Sometimes the "peep" sight wasn't so much of a sight as it was a focusing sight to help the shooter see the rear sight. Go to the Frazier Arms Museum in Louisville, KY and you'll see a wheellock jaeger rifle that has a open rear sight but a tang peep to help the shooter. History has no absolutes and it's a matter for the hysterian to help identify when and where it was valid.

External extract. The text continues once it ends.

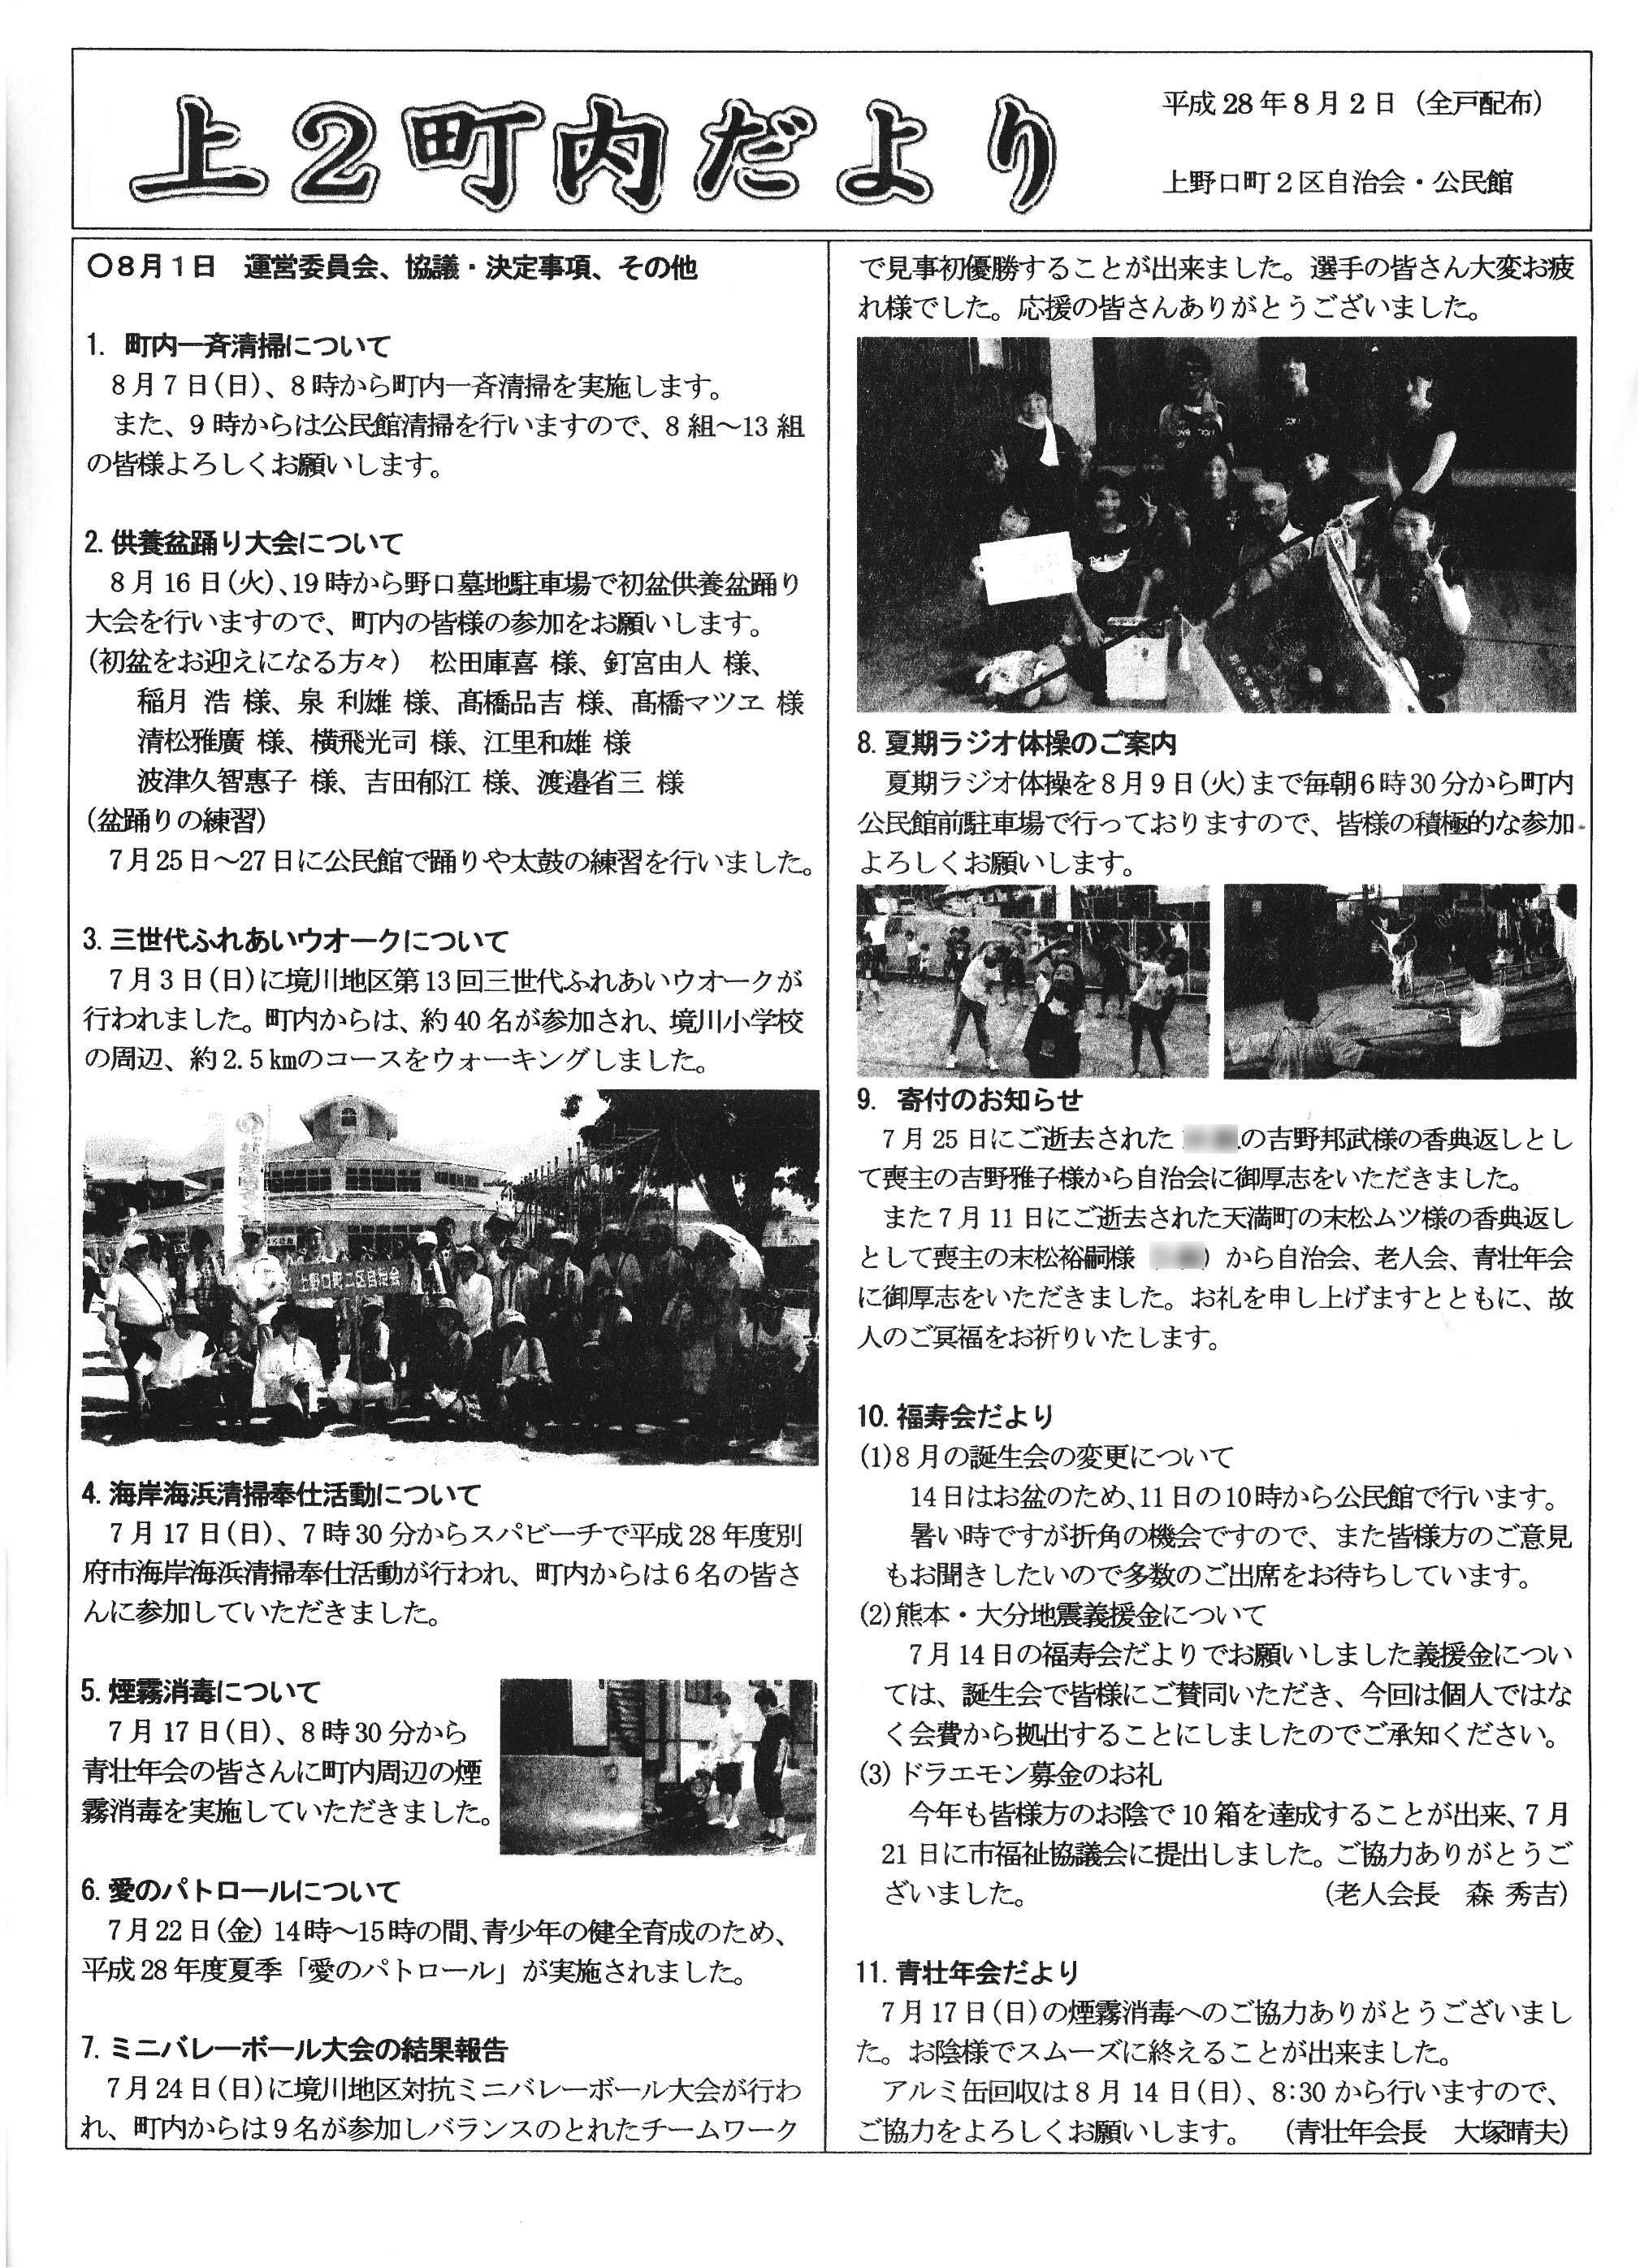 kaminoguchi_201608

BTW, if in Louisville, go to the Filson Historical Society to see the painting of Daniel Boone. Then go to the Speed Art Museum to see the other painting of Boone by the same artist.
 
"so why would they not be acceptable?'

I would think they should be...If they were of the type of gun and peep sights that were available at the time in history the event represents.To put a modern high tech peep on a 1750 flintlock because "they" had peeps in China in 600 AD is a horse of a different color from a PC perspective, it is the same as trying to argue a modern ML into the PC world by pointing out the non-typical types of ignition from the past, apples and oranges.
 
TG,

I absolutely agree. If the items were available during or prior to that era, then they would be fine in my nonPC opinion. If they were of a later style/vintage, then they would violate the spirit of the event and should not be allowed.
 
It seems to me.. The PC people just want what they belive is PC it has nothing to do with facts, truth or anything else that may get in the way, Bill Large if Ive read right out of a old MB pulled makeing a sight that ws correct but unfair to the pc shooters "gawd" as with the underhammers you'll find ads for them in newapapers that has ads for the Hawken bros rifle in 1838 but the Pcs still go nuts on that one. Its never going to stop, if it wasnt used by EVERYBODY they should outlaw it, then everybody can just stay home. Fred :thumbsup:
 
This argument goes on eternally and usually turns out being what it has become here, a dispute between the PC and non PC factions.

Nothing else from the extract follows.